El documento original de especificaciones solo puede descargarse para socios del consorcio SD, pero puede verse en HTML desde la cache de SanGoogle:

http://www.google.com/search?q=cach...lified%20Physical%20Layer%20Specification.PDF
Espero que sirva de ayuda...


----------



## heli (Sep 20, 2007)

Mejorando lo anterior: para descargar las especificaciones simplificadas no es necesario ser socio del consorcio SD, puede descargarse directamente en PDF desde:

http://www.sdcard.org/about/memory_card/pls/


----------



## serrano_10 (Mar 6, 2008)

Hola. Me podeis ayudar a encontrar lo necesario para iniciar una tarjeta SD. Se que tengo que enviarle el comando CMD0, pero no se durante cuantos ciclos de reloj y que reloj hede poner. Es para un proyecto y no consigo información de ningún lado. Según me han dixo los de SD, por esa información tengo que pagar. 

Ayuda por favor!

Gracias por adelantado.


----------



## Paloky (Mar 7, 2008)

Hola serrano_10.

Hay otro post que explica como funciona la tarjeta SD y tengo colgado el código para un PIC 16F877 que funciona..

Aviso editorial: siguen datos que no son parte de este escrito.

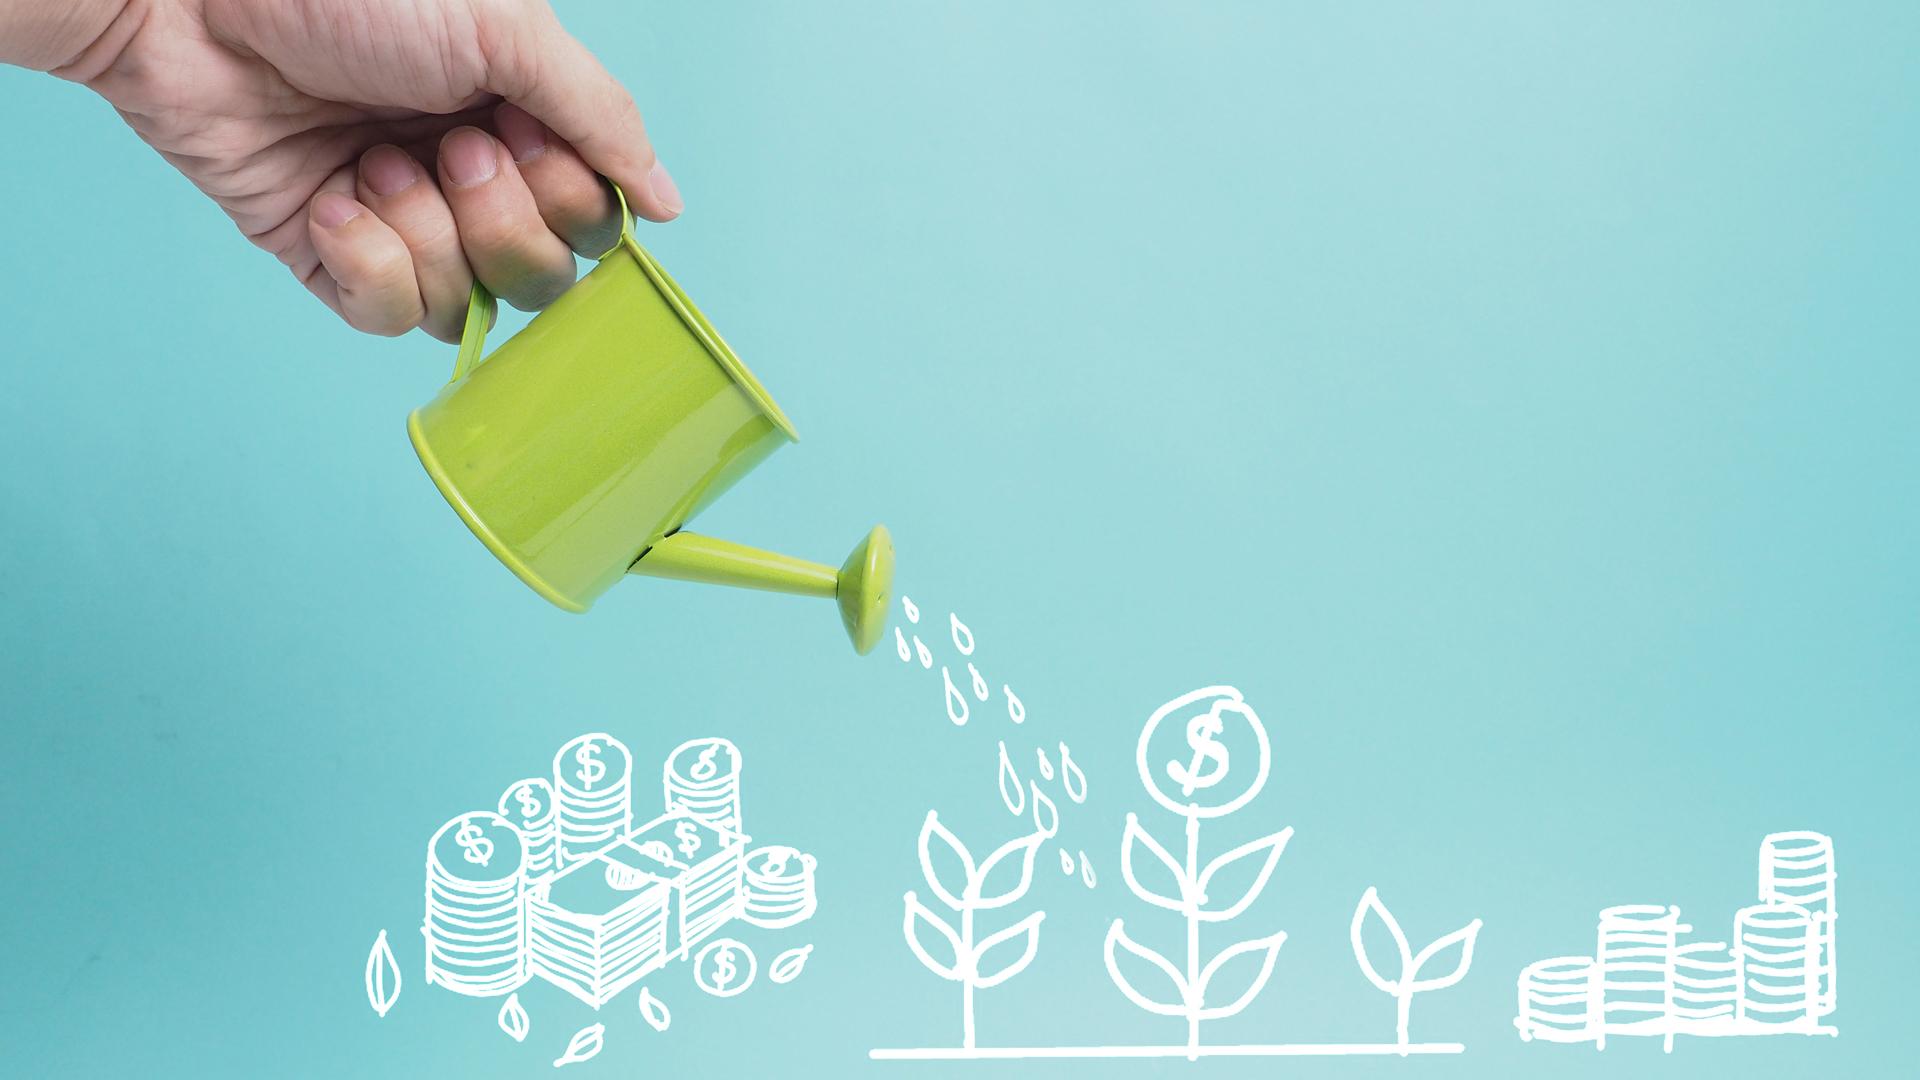 Các yếu tố ảnh hưởng đầu tư chứng chỉ quỹ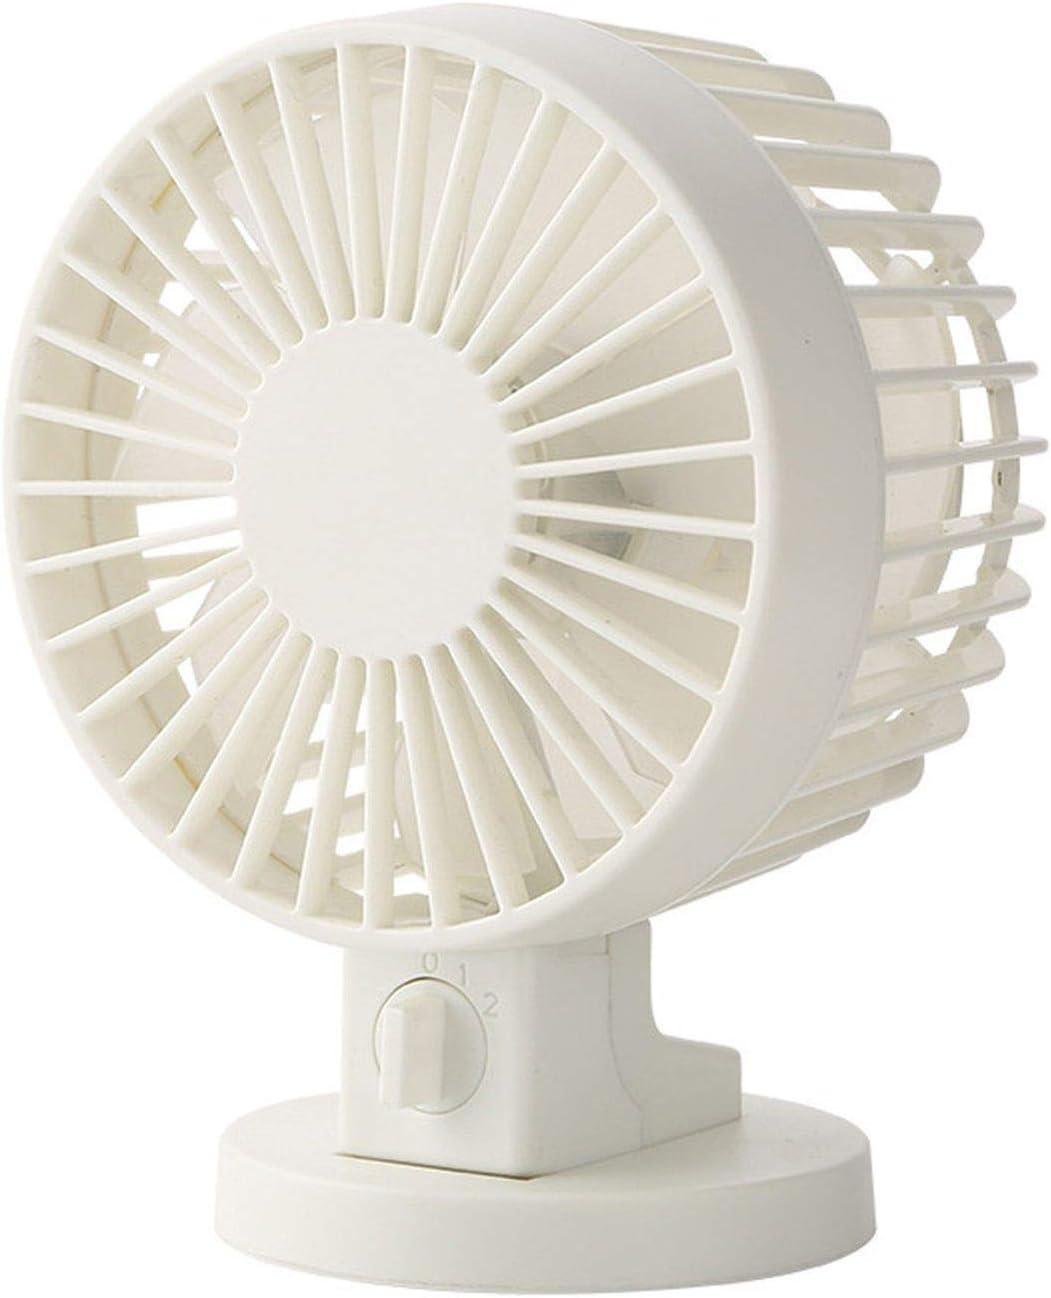 Portable Mini USB Fan Desktop Mini Fan 7 Blade Round Home Office Computer Fan USB Fan,Green

https://www.forosdeelectronica.com/f24/lecto-grabador-tarjetas-mmc-sd-microsd-pic16f877a-8177/

A ver si esto te sirve.

Saludos.


----------



## serrano_10 (Mar 9, 2008)

Hola Paloky.

Gracias por tu respuesta. Me ayudó mucho a comprender. En estos días he encontrado un archivo que puede que te sirva. Lo encontré por pura casualidad.

Gracias de nuevo.


----------



## Paloky (Mar 10, 2008)

Hola serrano_10.

A ver si lo puedes colgar aquí en el foro.  Así todos podremos leerlo.

Un Saludo.


----------



## serrano_10 (Jun 7, 2008)

Hola a todos. 
Siento el retraso pero he estado bastante ocupado y ademas, sin internet. Antes de mandaros nada, me gustaría agradecer la ayuda que encontré en este foro. Ahora paso a describir un poco mi proyecto. 

Ante todo, es en VHDL, y utilizo una FPGA spartan II XC2S200. Debo de realizar un protocolo de comunicación entre una tarjeta SD y el PC a través de la FPGA. He de implementar el modo SPI y el modo normal SD. La verdad es que estoy bastante verde en el asunto. Mi "actual" problema es que no se como activar la salida VCCO de los pines de expansión de la FPGA para obtener los tan deseados 3,3 V. Me comunico con la SD a travesz de una placa que me he hecho donde inserto mi SD. Más adelante os mandaré una foto para que me deis vuestra opinión. 

Podeis darme algunos consejos y sobre todo, donde encontrar la codificación de los comandos que debo mandar a la SD. Me refiero a los CMD0, etc.

MUCHAS gracias.


----------